What the task asks: Please print the entries below exactly, from the line with "4600-MI-632-US32 Adams Rite" through the line with "Pôster Guerra Infinita", including both of those lines and leaving out all others.

Available data:
#####
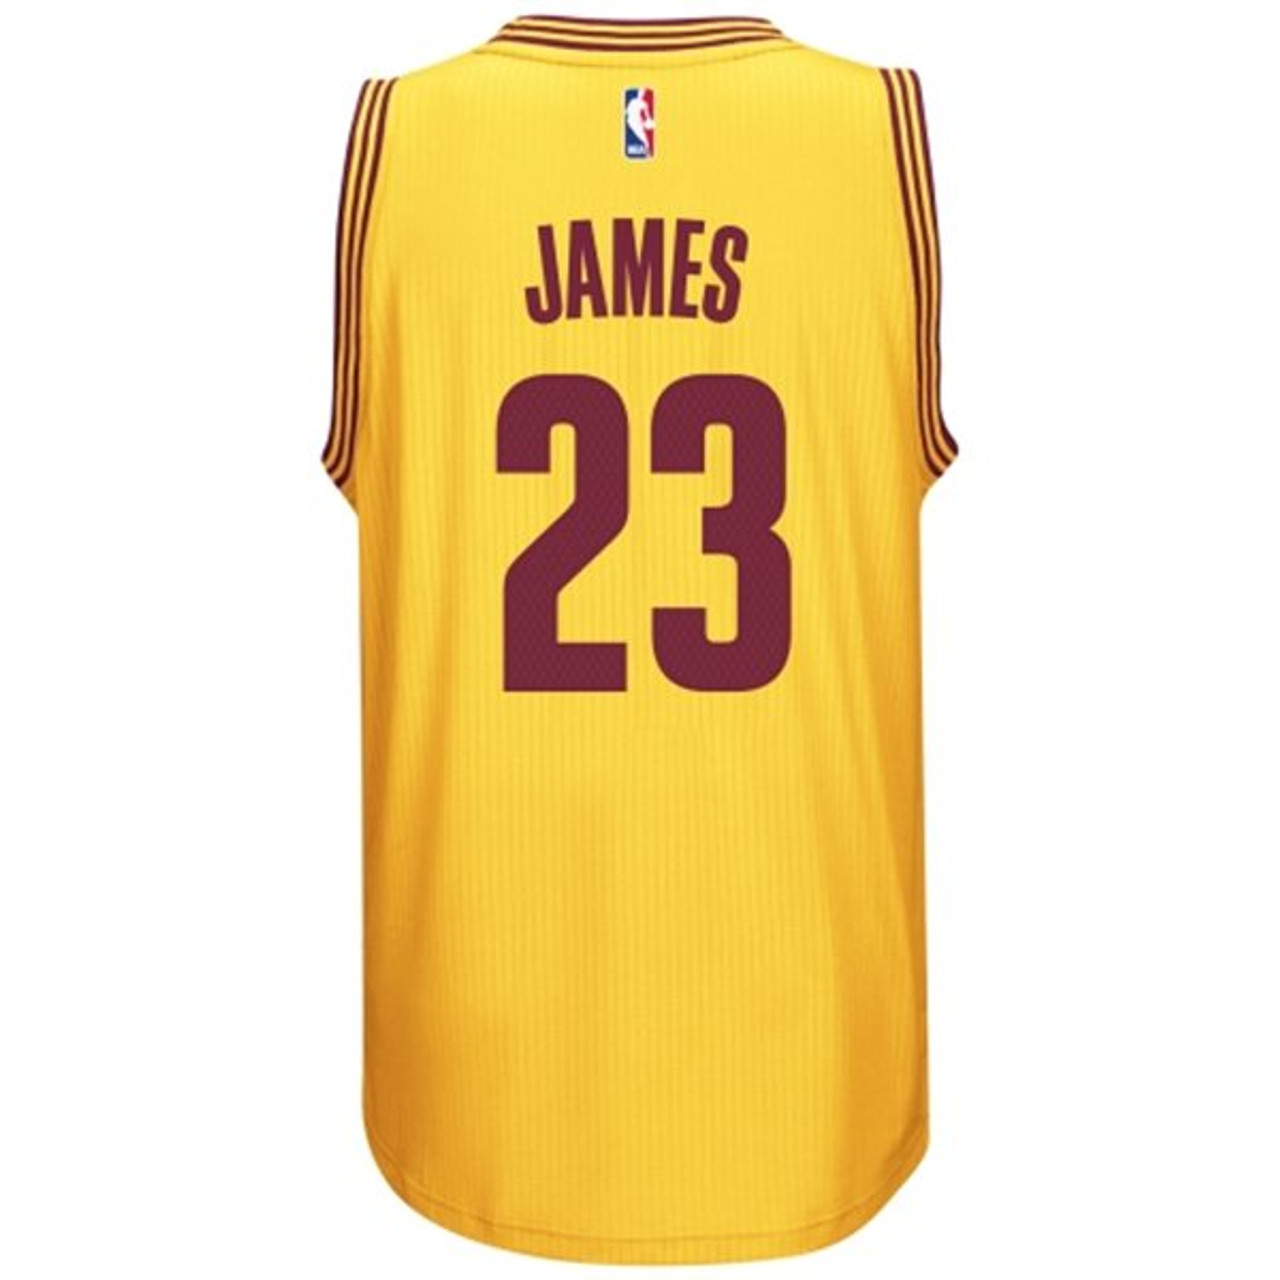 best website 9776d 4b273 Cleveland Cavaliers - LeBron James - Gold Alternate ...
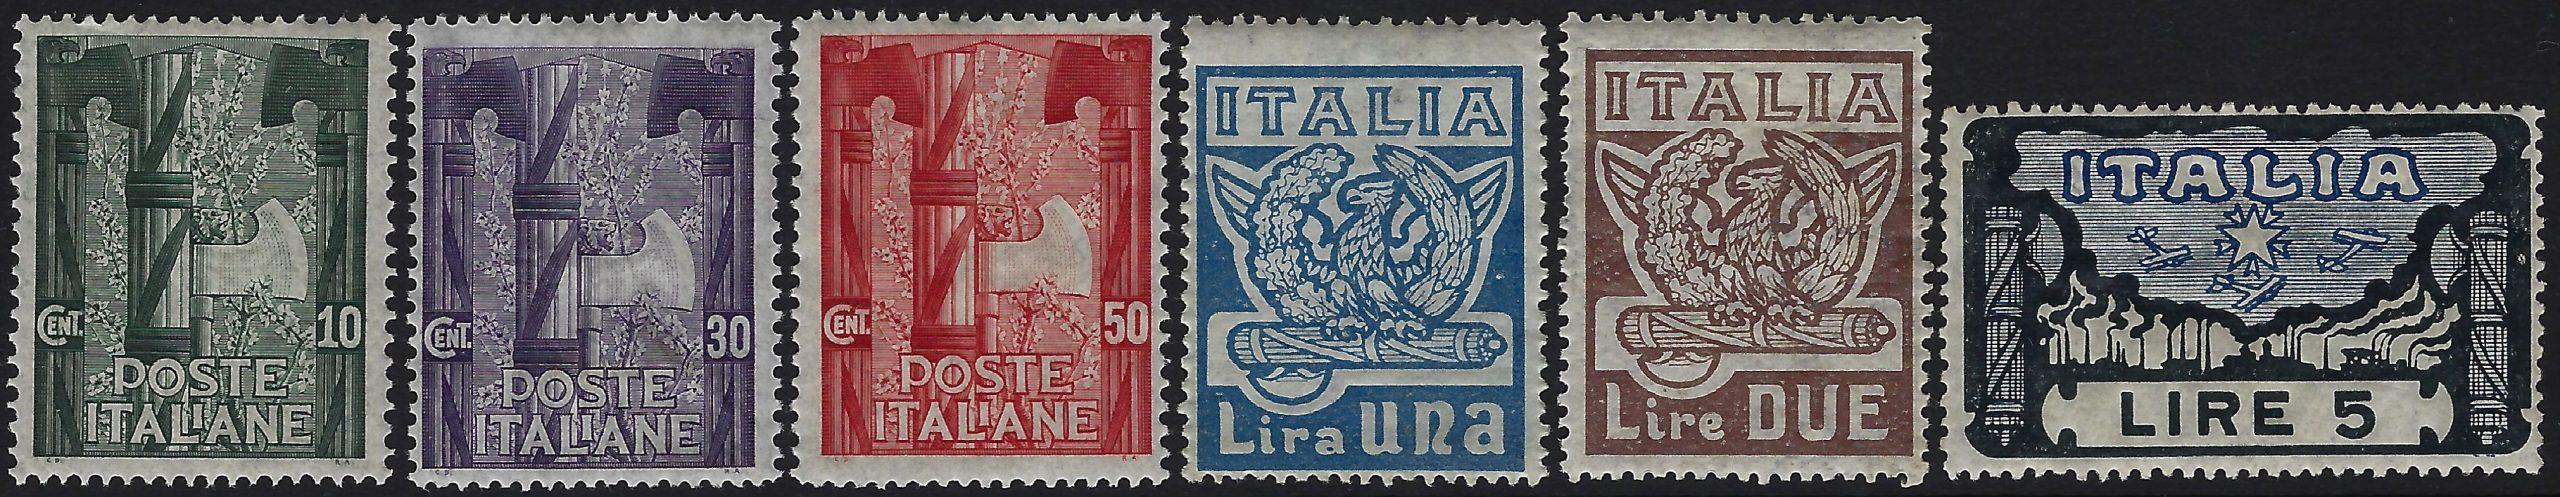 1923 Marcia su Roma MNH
#####
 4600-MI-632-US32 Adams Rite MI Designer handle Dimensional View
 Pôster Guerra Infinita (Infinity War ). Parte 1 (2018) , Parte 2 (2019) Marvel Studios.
#####
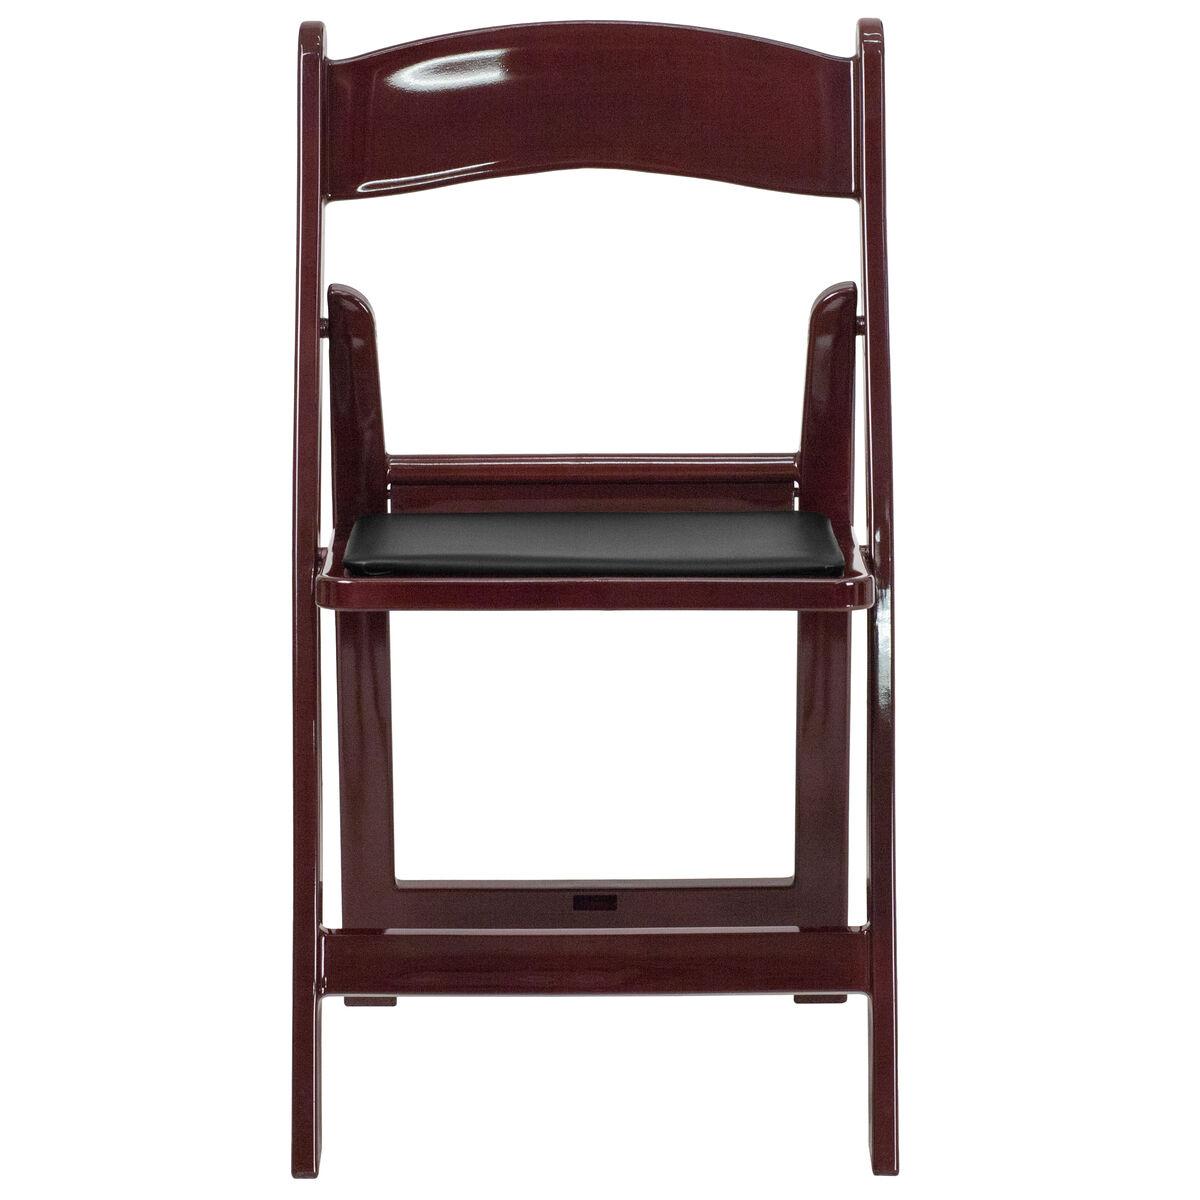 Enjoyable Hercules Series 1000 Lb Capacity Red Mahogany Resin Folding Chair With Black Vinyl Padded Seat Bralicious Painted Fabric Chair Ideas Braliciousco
#####
Expected answer:
 4600-MI-632-US32 Adams Rite MI Designer handle Dimensional View
 Pôster Guerra Infinita (Infinity War ). Parte 1 (2018) , Parte 2 (2019) Marvel Studios.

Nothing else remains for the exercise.